A group of Delawareans upset about the state’s school mask mandate are working to create alternative education methods for students. 

The group hopes to build coalitions of parents, retired teachers and experienced homeschoolers to offer learning pods, micro-schools and tutors.

“Essentially what we’re organizing right now and looking at bringing back is the one-room schoolhouse,” said James Davidson of Patriots for Delaware.

He said the organizers thought they could ready to go before schools start.

Learning pods and microschools aim to allow parents to be more selective with regard to curriculum and teaching methods without fear of hampering students’ social development. 

Matthew Burrows, superintendent of the Appoquinimink School District, said a parent at an Appo school board meeting mentioned starting the school year that way, and then bringing the  children back after Sept. 30. That’s the cut-off date for per-pupil state financing for schools. The state portion of school funds is not raised again during the year.

Doing that would hurt all kids, Burrows said, because classroom sizes are funded and based on the number of kids expected. School systems spend the summer trying to be accurate about who is coming and what they can expect financially.

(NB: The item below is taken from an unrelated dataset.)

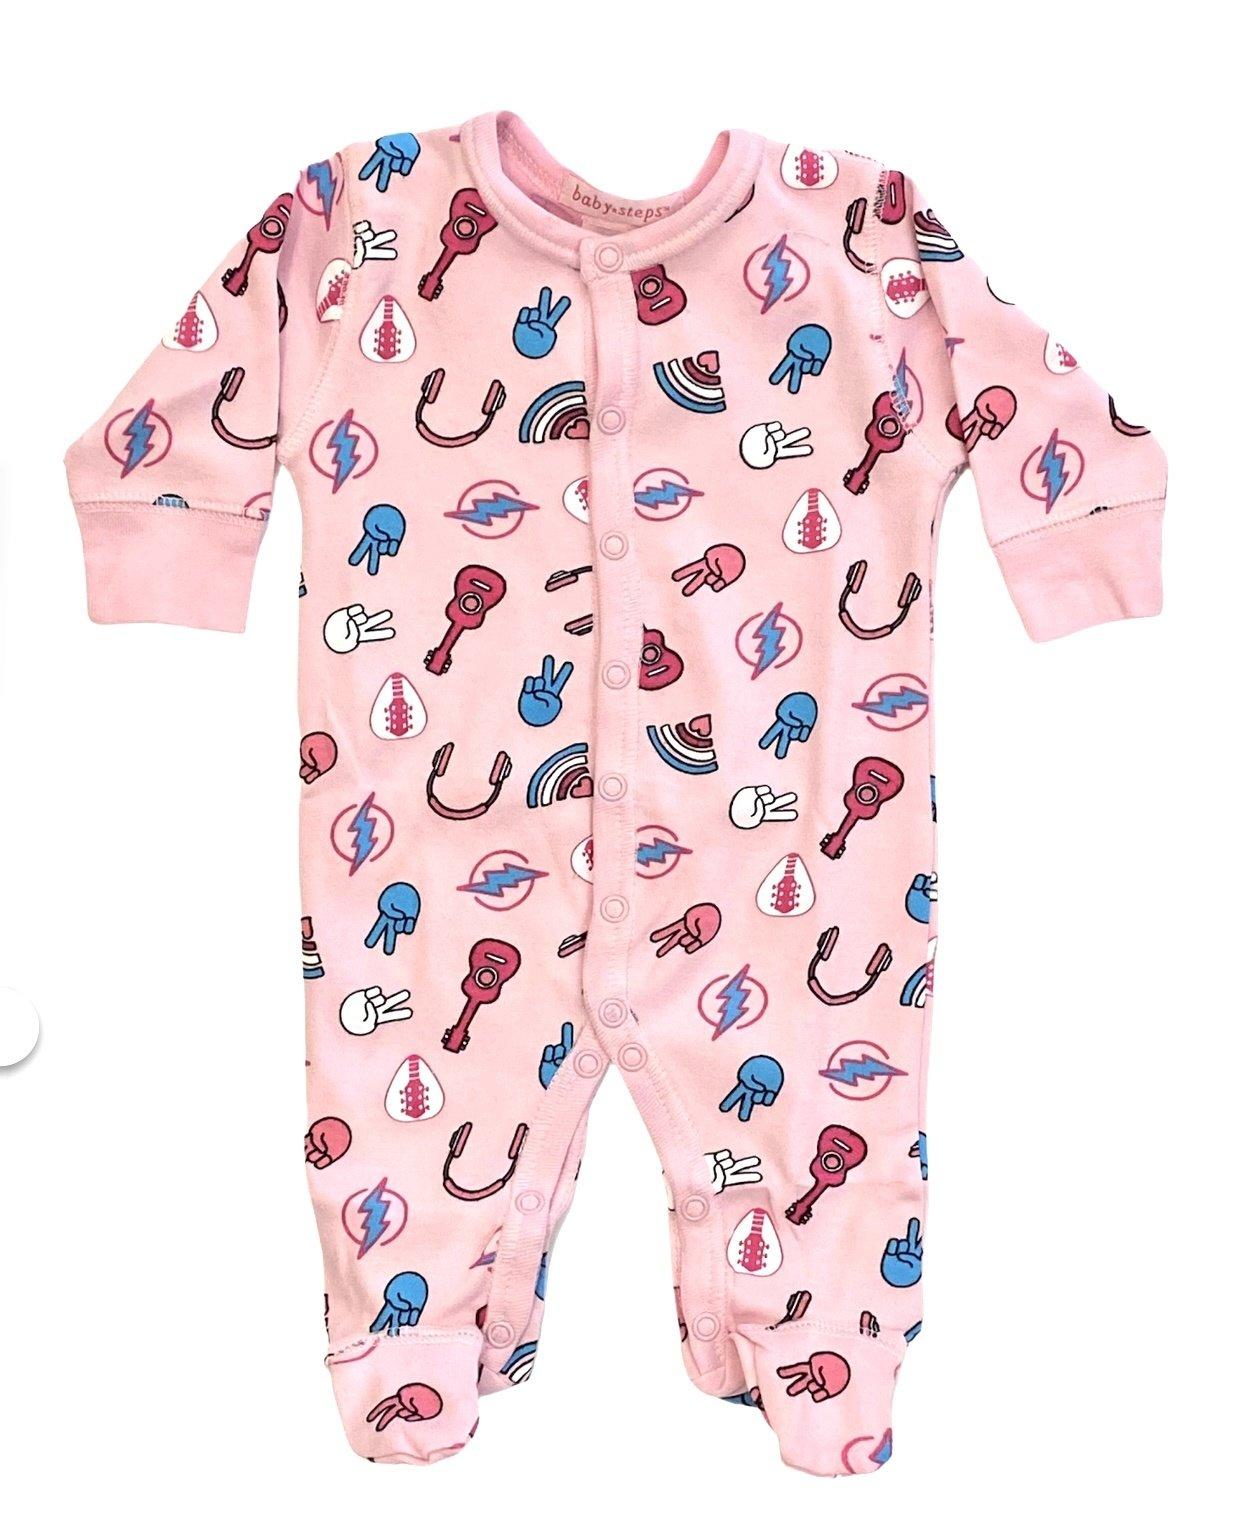 Baby Steps Pink Rock n Roll Footie

Children who come to school after Sept. 30 would find themselves in classrooms that were set up for a smaller group, he said. Because no more state money is available then, any additional expenditures would have to all come from local taxpayer dollars rather than the state paying its portion, he said.

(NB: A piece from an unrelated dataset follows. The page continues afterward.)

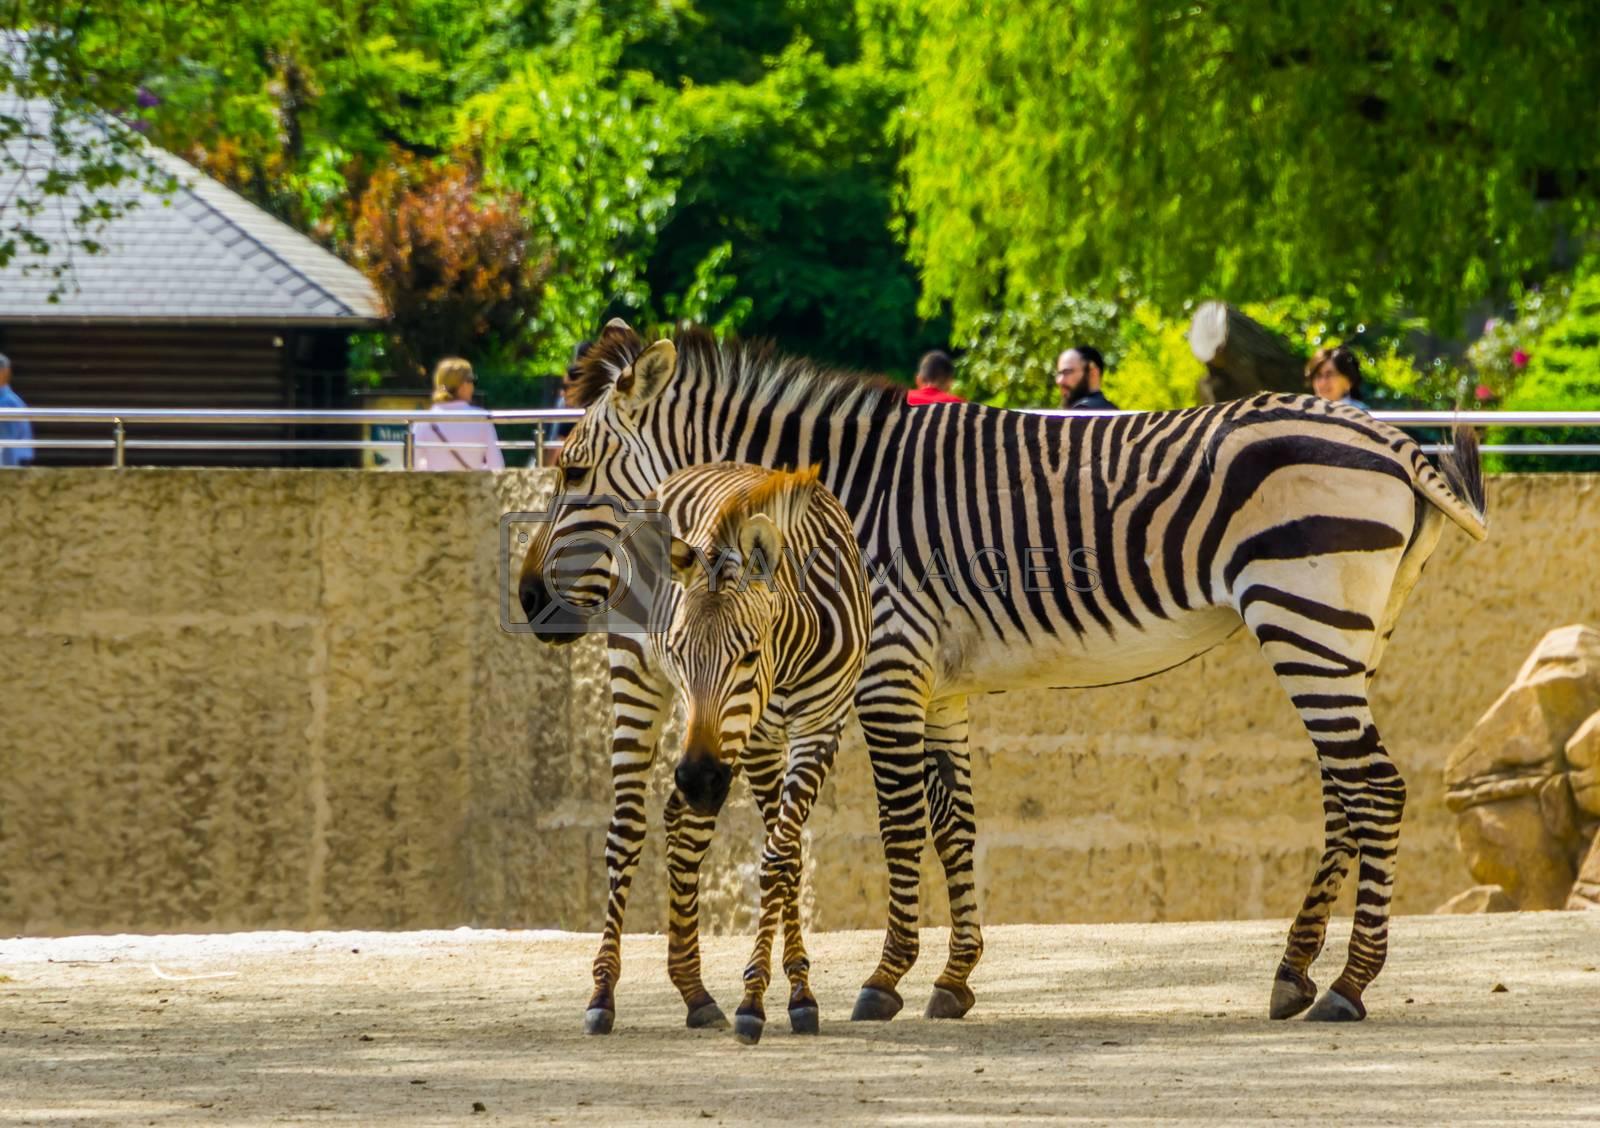 mother hartmann's zebra with foal in the animal zoo of antwerp, Antwerpen, Belgium, April 23, 2019

“In the end, my concern is just with the kids,” Burrows said. “We want the kids get a high quality education, to have interaction with other kids. Finances aside — and they are important. You need the finances to make school operate, but our number one priority is the kid.”

He said many children thrive with homeschooling, just like some children thrived with virtual learning. Parents will want to be sure their kids are getting a quality education.

“Most kids need to be in person and have that interaction and be in the classroom,” he said.

Jon Starkey, spokesman for Gov. John Carney, said, “The governor’s top priority is getting all Delaware students back in their classrooms full time this fall.”

Efforts were unsuccessful Thursday afternoon to reach state education officials for comment.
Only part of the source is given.